Why Good Teams Struggle (and What to Do About It)
2,714 words in this newsletter - about 11 minutes and 25 seconds to read.
Guest Editor: Karla Peralta
At Cityfi, we often hear organizations explain dysfunction with one word: culture. But “culture” is not a catch-all diagnosis. It’s tempting to stop there, blaming values, morale, or attitudes when teams hit friction. The truth is more practical: good teams struggle when clarity, communication, roles, and tools are missing.
This month’s newsletter challenges some of the biggest misconceptions around why organizations falter and offers concrete strategies to help them thrive. Each article unpacks a different piece of the puzzle:
It’s Not (Just) Culture: Diagnosing What’s Really Broken by Senior Principal Camron Bridgford reminds us that culture is often the symptom, not the root cause. Drawing on Cityfi’s organizational assessment work, she shows how challenges usually stem from a lack of clarity, in vision, roles, processes, and tools. By unearthing where clarity is missing, organizations can restore agency, motivation, and creativity across teams.

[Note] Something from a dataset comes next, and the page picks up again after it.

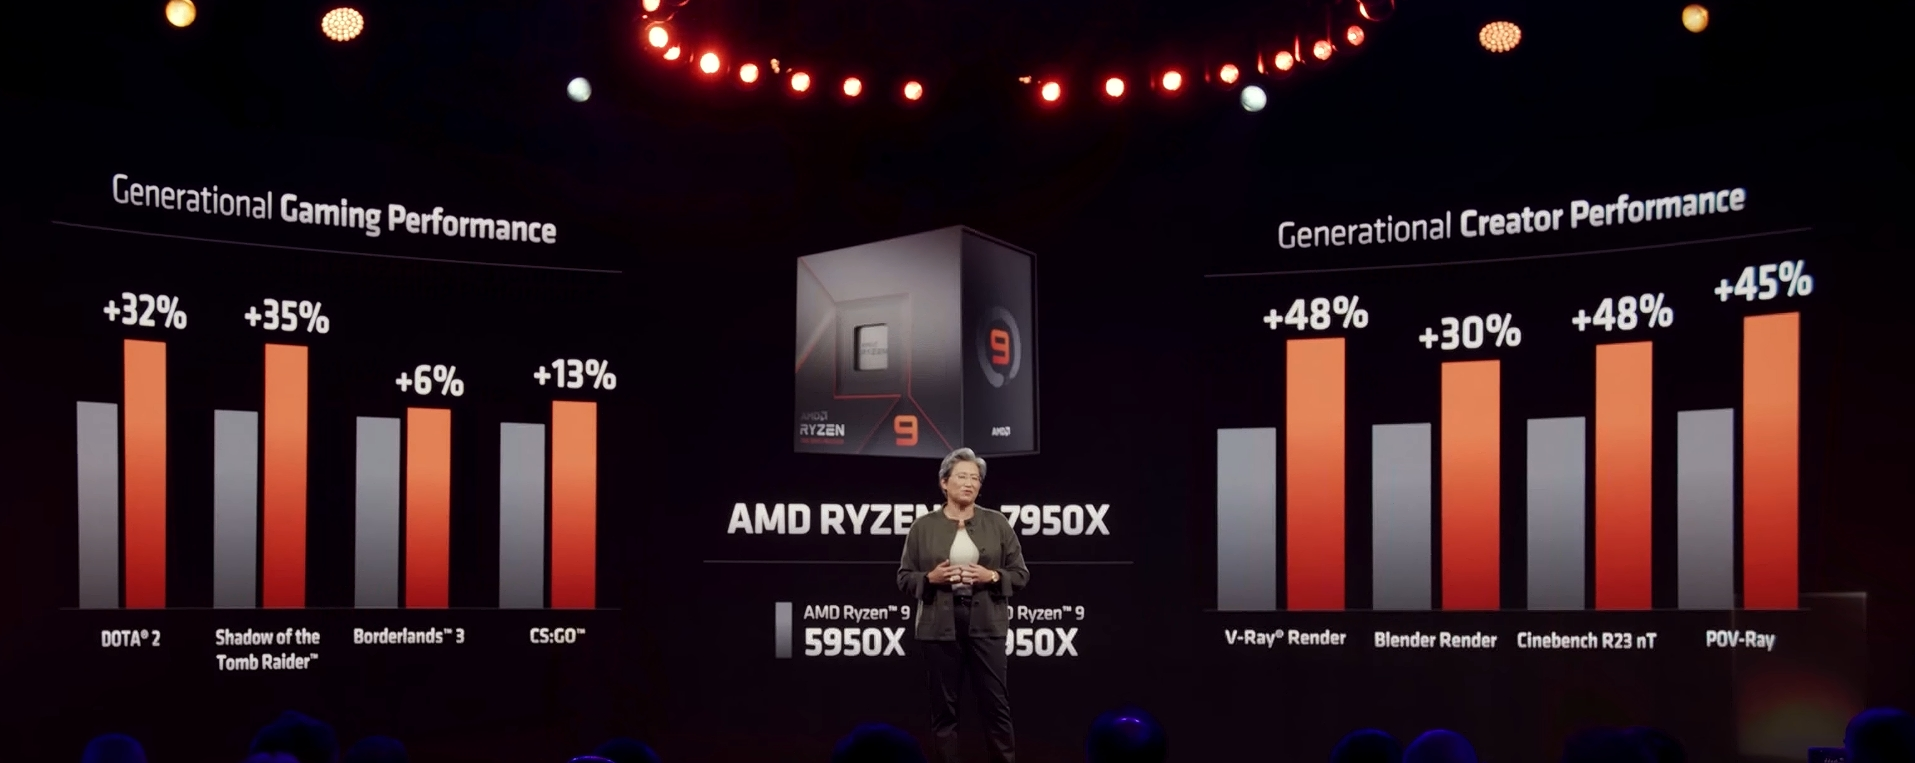 AMD Zen4 Ryzen 7000, Performance Improvement compared to the previous generation
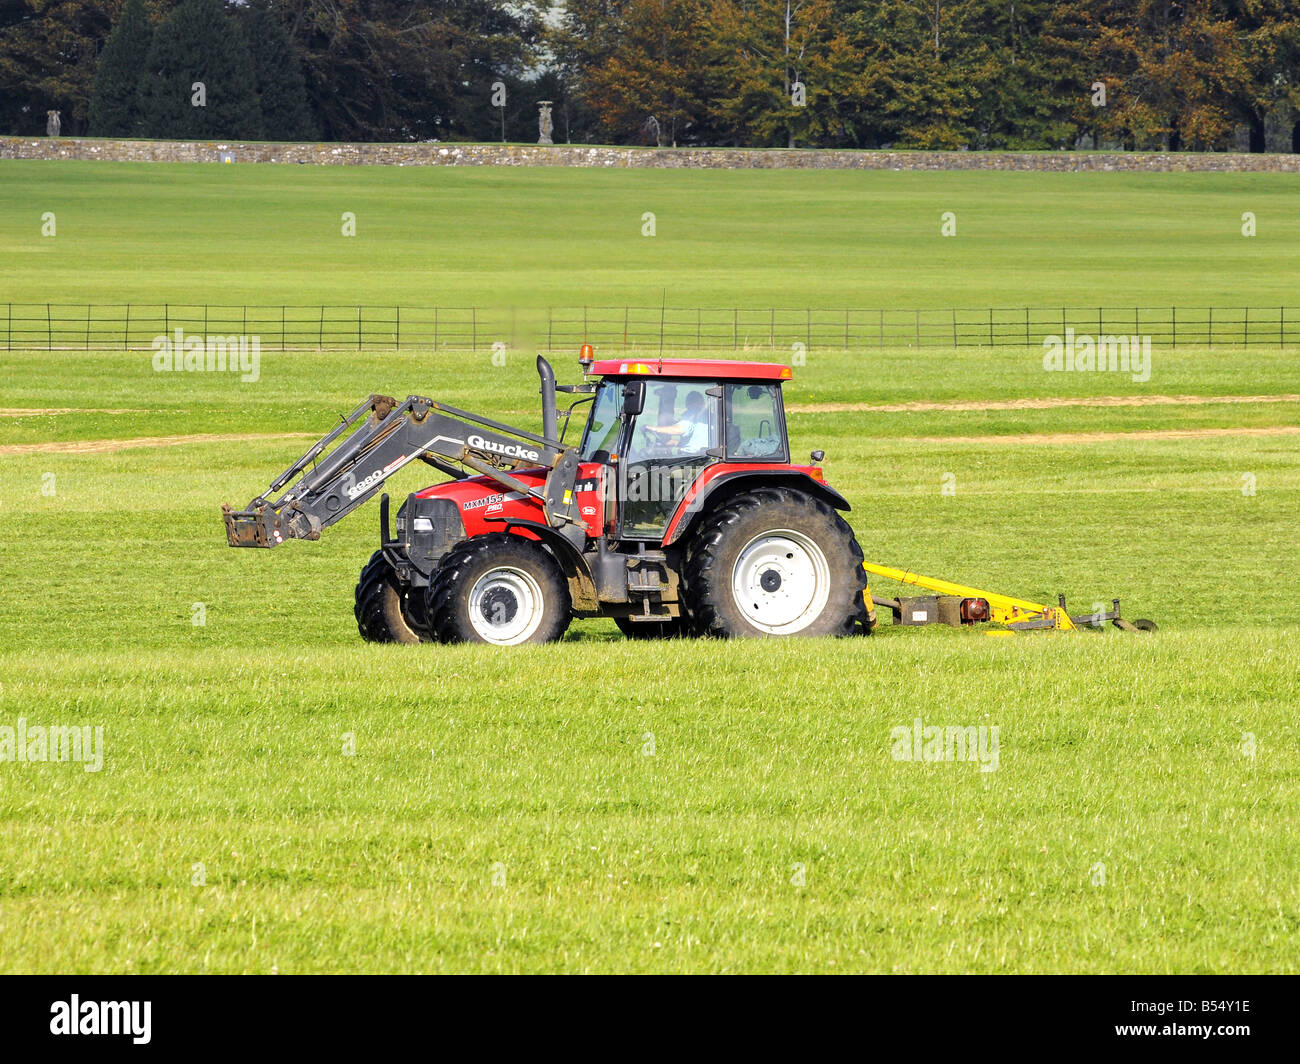 https://c8.alamy.com/compde/b54y1e/red-farm-traktor-abschleppen-eine-grosse-mahwerk-b54y1e.jpg

Communicating Change: Bringing People Along and Building Buy-In by Partner Story Bellows explores how thoughtful internal communication and narrative can make change less intimidating and more collaborative, building the trust needed for transformation.
Designing for Efficiency: Process, Tools, and Ownership by me (Karla Peralta) takes on the meaning of “efficiency.” We look at how to examine repetitive tasks, leverage automation and AI to free up brainspace, and decide what should be delegated, streamlined, or reimagined.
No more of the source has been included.